Since its introduction in May 2018, GDPR has become a mainstay in the news agenda around Europe. With its more stringent requirements and further rights being given to data subjects, claims against large organisations have increased with even the most established companies struggling to tweak internal processes to ensure compliance.
In October, Talking Business considered whether GDPR was starting to ‘bite’ following an increase in high profile fines and action being taken by the Information Commissioner’s Office. But it was the French regulator, CNIL, which recently took the most significant action against entertainment giant Google.
Google ‘ads’ fuel to the GDPR fire
CNIL fined Google €50 million for a breach of GDPR. The record fine was imposed for a lack of transparency and inadequate information being given to users about the processing of their personal data. Google also failed to get valid consent from users regarding the personalisation of online adverts.
Google uses user data to personalise which adverts users see based on websites they visit. This allows for a tailored, more targeted stream of adverts. But CNIL said that users were ‘not sufficiently informed’ about how Google collected data to allow it to carry out this level of personalisation.
Claims were brought by two privacy rights group which claimed that Google did not have any valid legal basis to process user data in this way.
A lack of transparency
Under GDPR, a company must be able to demonstrate that personal data is being processed in a transparent manner for each data subject. These transparency obligations apply from the point the data is collected and continue to apply for the duration of the processing. Communications to data subjects should be concise, transparent and intelligible, and use clear and plain language. Information should not contain technical, legal or specialist terminology which a data subject is unlikely to understand.
In Google’s case, the required information was included in numerous different documents, which made it difficult for users to understand the full extent of the processing and how exactly their data would be used.

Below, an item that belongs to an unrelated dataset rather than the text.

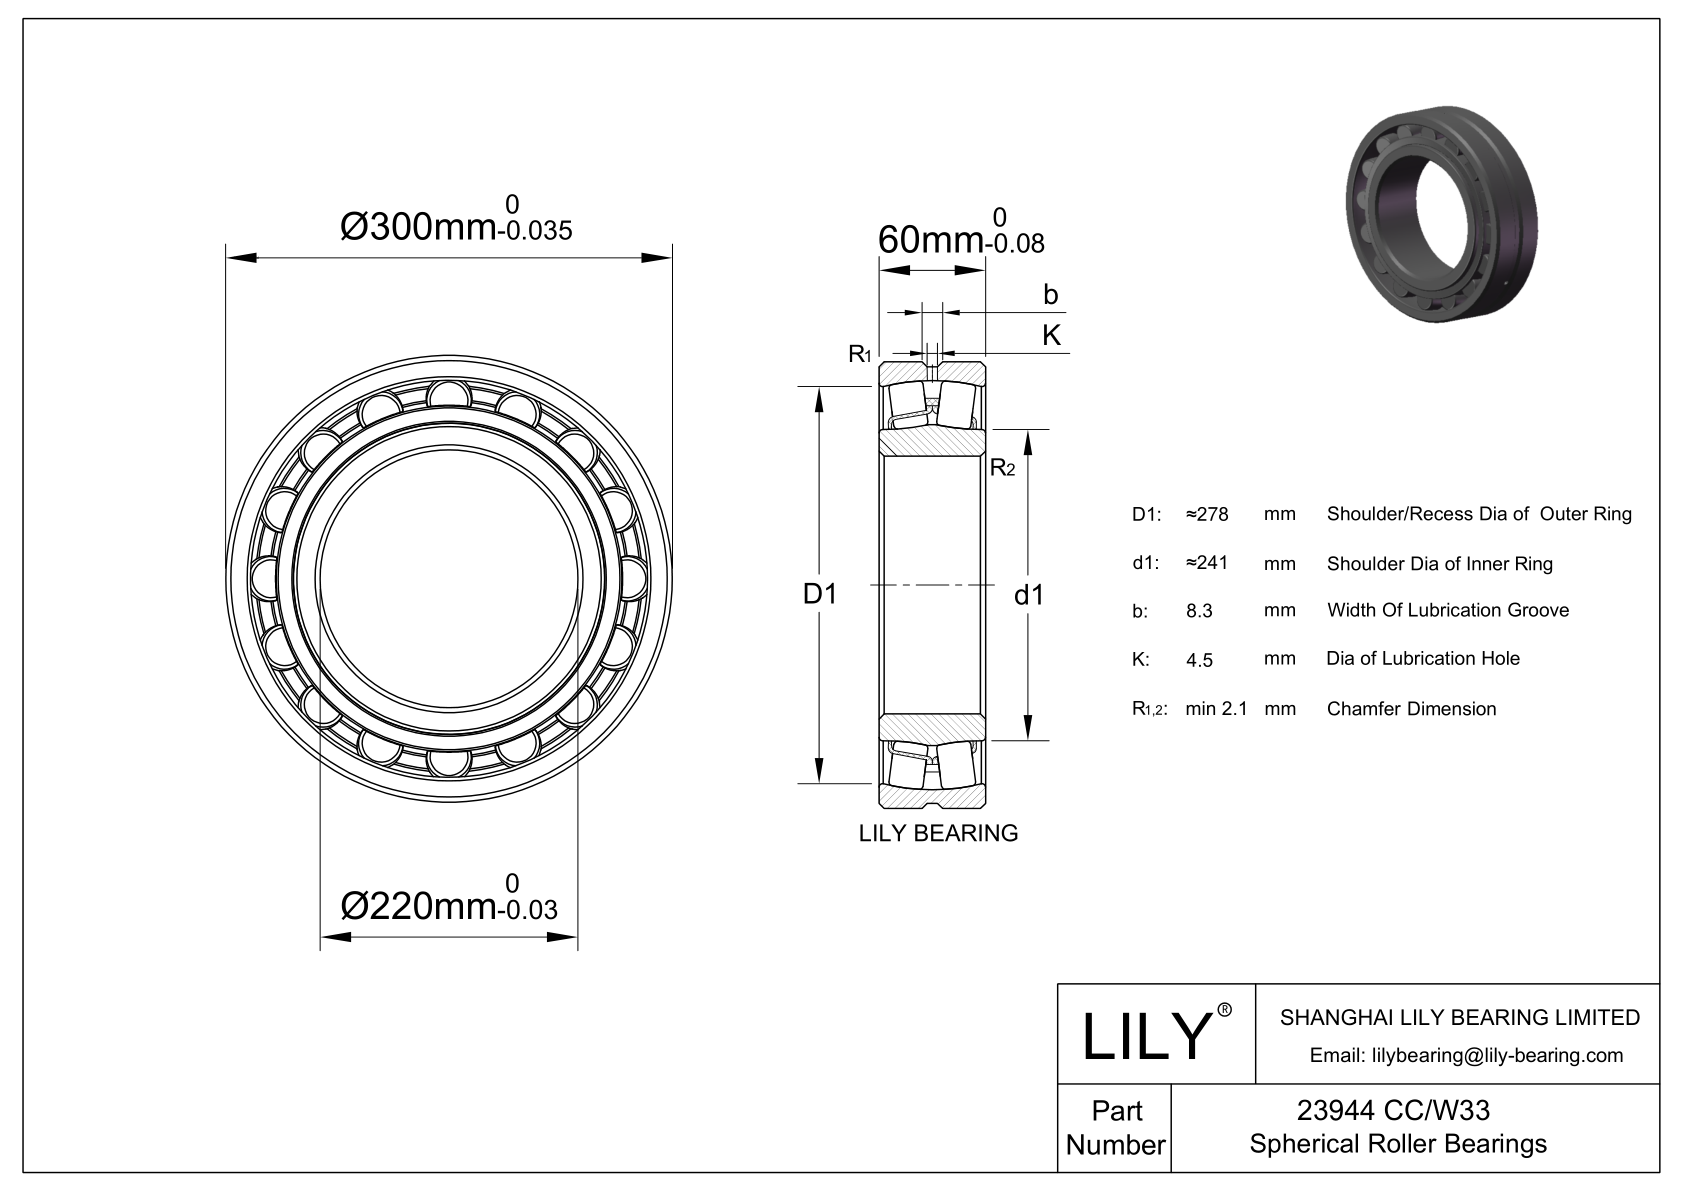 23944 CC/W33 Double Row Spherical Roller Bearing cad drawing

This was not sufficient to satisfy the transparency requirements.
Consent under GDPR is defined as: “any freely given, specific, informed and unambiguous indication of a data subject’s wishes by which he or she, by a statement or by a clear affirmative action, signifies agreement to the processing of personal data relating to him or her“.
Google had not got valid consent and there was no valid legal basis on which to process the data. When creating an account with Google, the option to personalise ads was ‘pre-ticked’ which goes against the requirements in GDPR – consent should be positive.
The result of this tick-box is that consent is granted for all processing operations, such as advert personalisation and speech recognition but it is not made abundantly clear that this is the case. This is not sufficient for specific consent, which must relate to each purpose individually and be obtained in a manner that is distinct from other purposes.
Data held by streaming services
But it is not just Google. Other giants of the entertainment industry, particularly those providing streaming services, have also been accused of breaching GDPR.
All data subjects have a right to access a copy of the personal data a company holds on them. However, one of the privacy groups behind the Google action recently found that many of large streaming services, such as Spotify, Netflix and Amazon, do not fully comply with this.
Data provided to individuals following a request must be easy to understand and should be provided in a machine-readable and intelligible format. Many of the largest technology companies made changes following GPDR to allow customers to download a copy of their data.
But an investigation by one privacy group found that a substantial amount of data it requested was not in the correct format and so could not be understood by the majority of individuals. Some of the largest companies also failed to provide additional information relating to, for example, which other companies data had been shared with.
Some requests only resulted in raw information being provided and some were only dealt with after a period of up to 30 days. All of these failings led to ‘structural violations of users’ rights’.
This is yet more evidence of the impact GDPR is having across Europe. It also highlights that regulators are not content with targeting the ‘little guy’ and are more than willing to make an example of the world’s largest organisations.